The ”sensitive” dads of the `70s arose in answer to specific cultural pressures. When those pressures eased up, those dads disappeared: as
”feminized” fathers, they themselves represented a too-significant departure from tradition to be satisfying for very long. Soon enough, parodies such as ”Mr. Mom” finished the cycle.
The image of the ideal dad, as it has been pressed upon American society, requires something more distant, more authoritative, more powerful, uninvolved in the daily, domestic life of the household but always prepared to step in to set things right. As a real person, this all-knowing, all-wise father may well have never existed. He is, in our time, supremely a creation of popular culture, of the movies and of television. More specifically, he seems a creation of the situation comedies of the 1950s. More specifically still, he is Robert Young in ”Father Knows Best.”
For the generation that now dominates filmmaking, Young is the primal papa–the image it grew up with, the image, thanks to a television childhood, that seems more real that reality. Now that the television generation is in charge, both as filmmakers and film consumers, it isn`t surprising that Young has come back, a mythic figure clambering up from the electronic id.
It`s Brian De Palma`s ”The Untouchables” that presents the most purely Youngian of the current screen fathers: Kevin Costner`s Eliot Ness is perfectly secure in his paternalistic values, impeccably loving, protective and powerful. The scenes depicting Ness with his family are straight from sitcomland, a display of hollow symbols–doting Dad, devoted Mom, beaming baby –emptied of all genuine warmth or life-giving tension. Ness is so sure of his benign fatherly role that he wants to extend his moral authority beyond his family to encompass the entire city–and in doing so, rid the city of its evil father, Al Capone.

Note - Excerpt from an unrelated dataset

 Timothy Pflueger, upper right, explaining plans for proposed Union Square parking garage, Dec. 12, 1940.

In his interviews, director De Palma has repeatedly insisted that ”The Untouchables” is a ”John Ford picture”–meaning, apparently, that Costner`s uncomplicated heroism, his loyalty to home and family and law and order, is in the image of the hero played by John Wayne in Ford`s westerns. But Costner`s Ness, a man of no doubts or hesitations, has little to do with the tortured, self-conscious figure played by Wayne in Ford`s ”Rio Grande,” ”The Searchers” or ”The Man Who Shot Liberty Valance.” Wayne`s relationships with his family and society were consistently marked by misunderstanding, rejection and outright hostility. The violence he used to protect civilization made him unfit to live within it.
But for De Palma, Ness` willingness to kill is what defines him as a leader and a father: it`s something must learn from the crusty, traditional cop played by Sean Connery, and once this ancient wisdom has been handed down –again, as from father to son–Ness comes into his full glory. There is no shading in De Palma`s Ness, as there was in Ford`s Wayne (or, at least, what shading existed in David Mamet`s screenplay has been suppressed by De Palma`s one-note direction). His capacity for violence does not compromise his goodness, but actually reinforces it. He is the father as final power and final judge, providing protection and exacting punishment–Robert Young with a gun.

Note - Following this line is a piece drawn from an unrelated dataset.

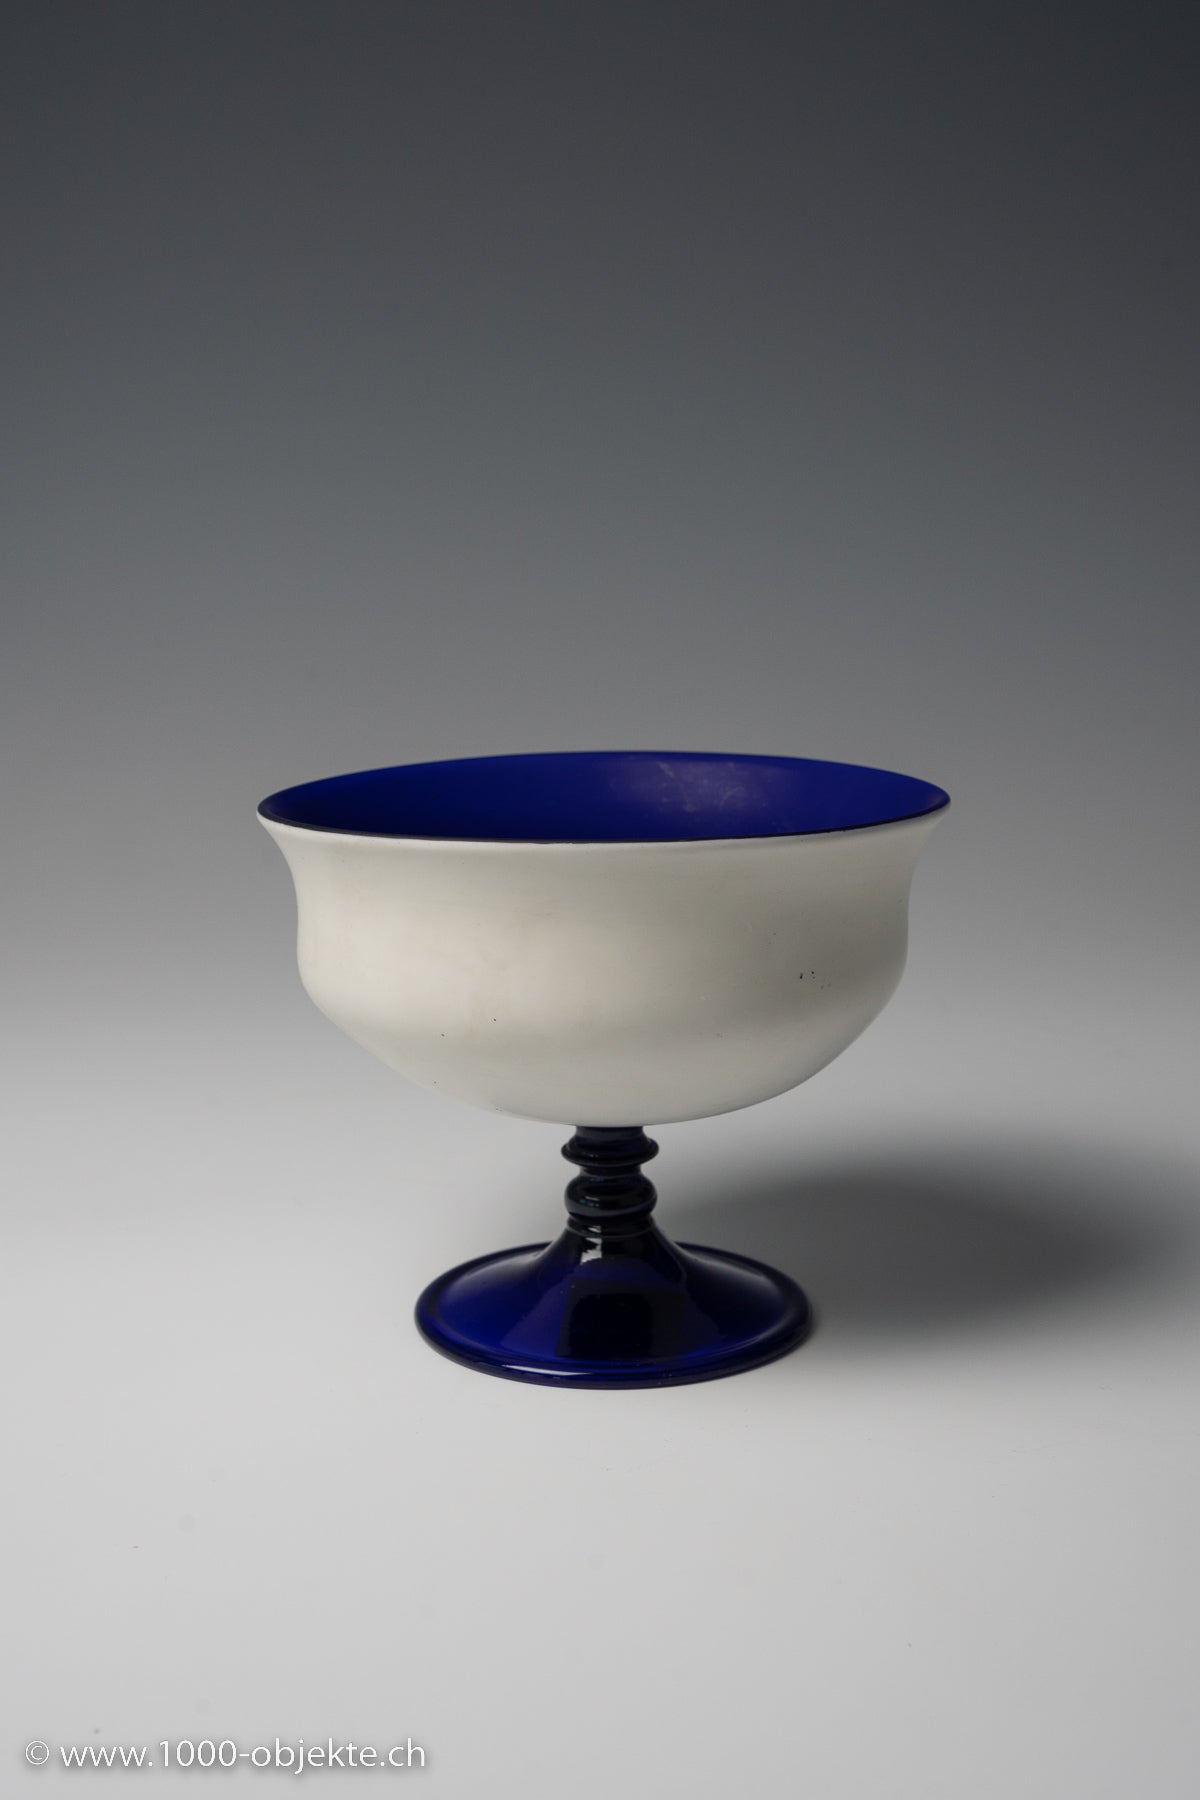 Significant bowl blue white 0paque Cvm Cappellin Venini Ca.1930

”The Untouchables” is an unabashed celebration of paternal power and paternal authority. William Dear`s ”Harry and the Hendersons” and John Schlesinger`s ”The Believers,” though they`re much less effective as films, display more measured, more complex attitudes, hesitating somewhere between the stern paterfamilias and the ”sensitive” male of ”Kramer vs. Kramer.”
Produced by Steven Spielberg`s Amblin Entertainment, ”Harry and the Hendersons” reflects Spielberg`s habitual family themes so closely that it seems, in effect, a Spielberg movie–a remake of ”E.T.” told from the point of view of the father, a figure mysteriously missing from Spielberg`s 1982 film.
In ”E.T.,” a troubled, emotionally divided family was rescued by a visitor from the beyond: an extraterrestrial man-child who functioned both as a playmate to the film`s fatherless, almost friendless 10-year-old boy and as an embodiment of an ancient, traditional wisdom–a wise parent. Backing away from the image of the stern father, Spielberg presented an effective fantasy compromise. E.T. was gentle enough to inspire affection while being authoritative enough to inspire respect.
In ”Harry and the Hendersons,” there is another troubled family and another visitor from beyond–this time, a hulking, shaggy Bigfoot who moves in with the Henderson family, led by hulking, shaggy John Lithgow. The beast`s size and strength at first inspire fear; in his capacity for violence and destruction, he seems the embodiment of evil adulthood, his physical superiority posed as a threat to the rest of the family.
But the monster inspires a respect from the Henderson children that Lithgow, a terminally ineffectual new wave father, has never been able to command. Lithgow`s refusal to assume his proper authority, the film suggests, is a result of his relationship with his father (M. Emmet Walsh), a fierce authoritarian who owns the local gun shop and ridicules his son`s artistic ambitions.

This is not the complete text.